Вот животрепещущий пример, подумал я: Ася умерла, и это плохо, и мне за это расплачиваться до конца своих дней. Это понятно и возражений не вызывает. Но почему приходится платить и за хорошее? Она невероятным, таинственным образом воскресла – и это безусловно хорошо. Но что мне придется за это отдать? Ох, боюсь, многое.
Как бы то ни было, мой предшествующий опыт говорил о том, что всякое бывает. И никакое, даже самое невероятное объяснение Асиного возвращения не стоит сбрасывать со счетов. Да и какая разница: если она вновь жива (а она, без сомнения, жива, я сам ее видел и трогал), то я смирюсь хоть с тем, что сработала дремучая шаманская магия, воплощенная в суеверных деревенских обрядах, хоть с тем, что в соседнем мире неведомый Стас щелкнул рубильником, разбив свою вселенную вдребезги, но зато воплотив Асю здесь. Да хоть с чертом лысым!
Я ощутил несмелую, тревожную радость. Вдруг я и впрямь стал свидетелем настоящего чуда? Чуда, у которого можно попросить прощения и сделать своим навсегда? Я еще не знал, хочу ли я этого, но я действительно скучал по ней, тосковал без нее, и почему бы не начать все с начала? Сделать, наконец, для нее хоть что-то… настоящее. Дойдя в своих мыслях до этого места, я почувствовал, как упадничество в моей деморализованной душе сменяется жаждой деятельности. И рефлекторно схватился за телефон.

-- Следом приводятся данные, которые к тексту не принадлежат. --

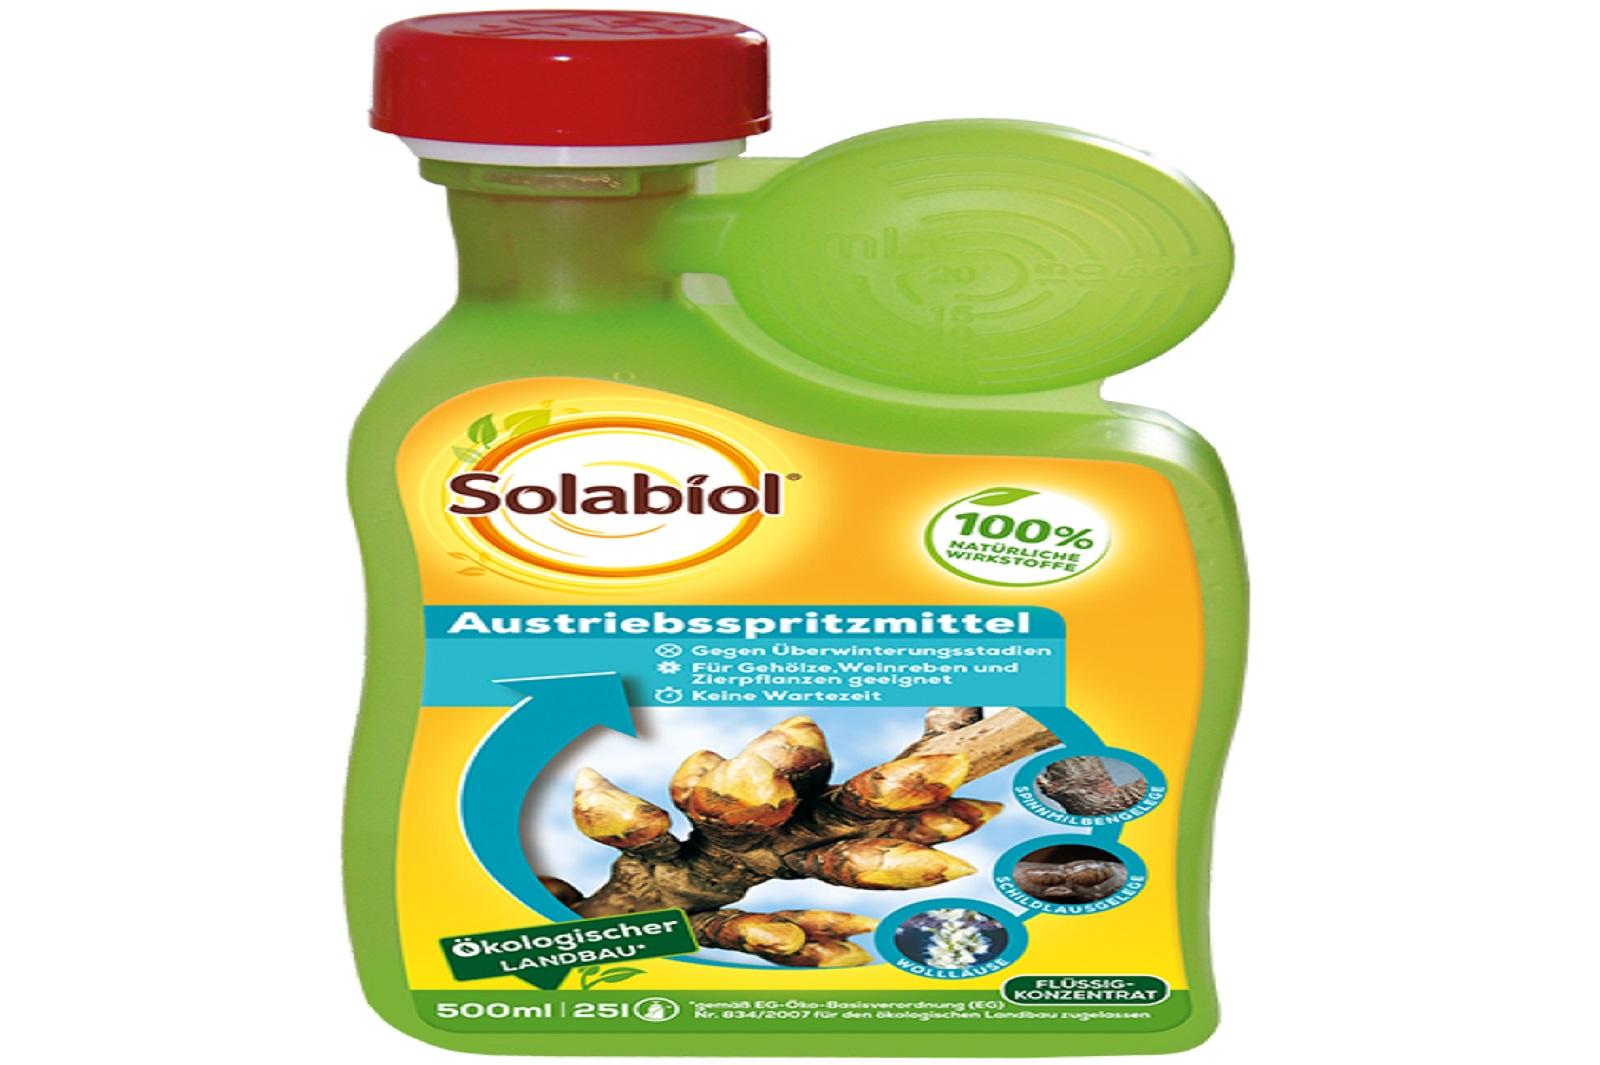 Solabiol Austriebsspritzmittel 500 ml

Не знаю, что я ожидал там увидеть, кроме шестнадцати пропущенных вызовов от Эльзы (и хрен с ней). Но в голове билась абсурдная мысль: что, если позвонить по тому, старому Асиному номеру? Я хранил его в глубине памяти всех своих телефонов из тех же извращенных соображений, что и фотографии на работе: мне нравилось иногда ощущать укол грусти – когда, пролистывая список в поисках нужного адресата, я нечаянно натыкался на ее короткое имя. Вот оно, под моим пальцем, никуда не делось. Осталось только нажать на вызов – и, признаюсь, стоило немалого труда заставить себя это сделать. Я боялся не разговора с ней, а наоборот – что мираж рассеется, и совершенно посторонний человек на том конце сообщит, что я ошибся номером. Но вышло иначе.
Было занято.
Не успел я удивиться коротким гудкам, как она перезвонила. Я ответил, весь дрожа от возбуждения.
– Алё, Макс?! Ты чего сюда звонишь?
Что за черт! Вместо тонкого Асиного голоска я слышал хриплый мужской баритон. Господи, да это же Стасик!
– Здорово, – разочарованно выдохнул я. – Извини, случайно набрал. А с кем ты там говорил?
– А?
– У тебя было занято.
– Рекламщики. Можешь себе представить, до сих пор никак не успокоятся, все звонят сюда. А я и рад их вые…
– Неважно. Я сейчас такое скажу…
– Погоди, – вдруг хрюкнул он от смеха. – Я-то как раз сам тебе звонить собирался.
– Да подожди ты, дай мне…
– Нет, чувак, я первый успел. Короче, я поздравлю тебя на всякий случай, а там сам решай, с чем… Договорились?
– Ну? – недовольно сказал я.
– Мои судебные кореша все уже сделали. Как на тарелочке. Короче, ноль целых девятьсот восемьдесят две сотых вероятность у тебя.
– Не понял.
– Глухой, что ли? Я говорю – вероятность того, что вы родственники – девяносто восемь и две десятых процента!
– Ну и что?
– А то, что с точки зрения житейского здравого смысла он почти наверняка твой сын. Но если бы речь шла, скажем, о разбирательстве в суде – то это не примут в качестве доказательства. Там меньше, чем девяносто девять, не признают. Понял теперь, счастливый отец?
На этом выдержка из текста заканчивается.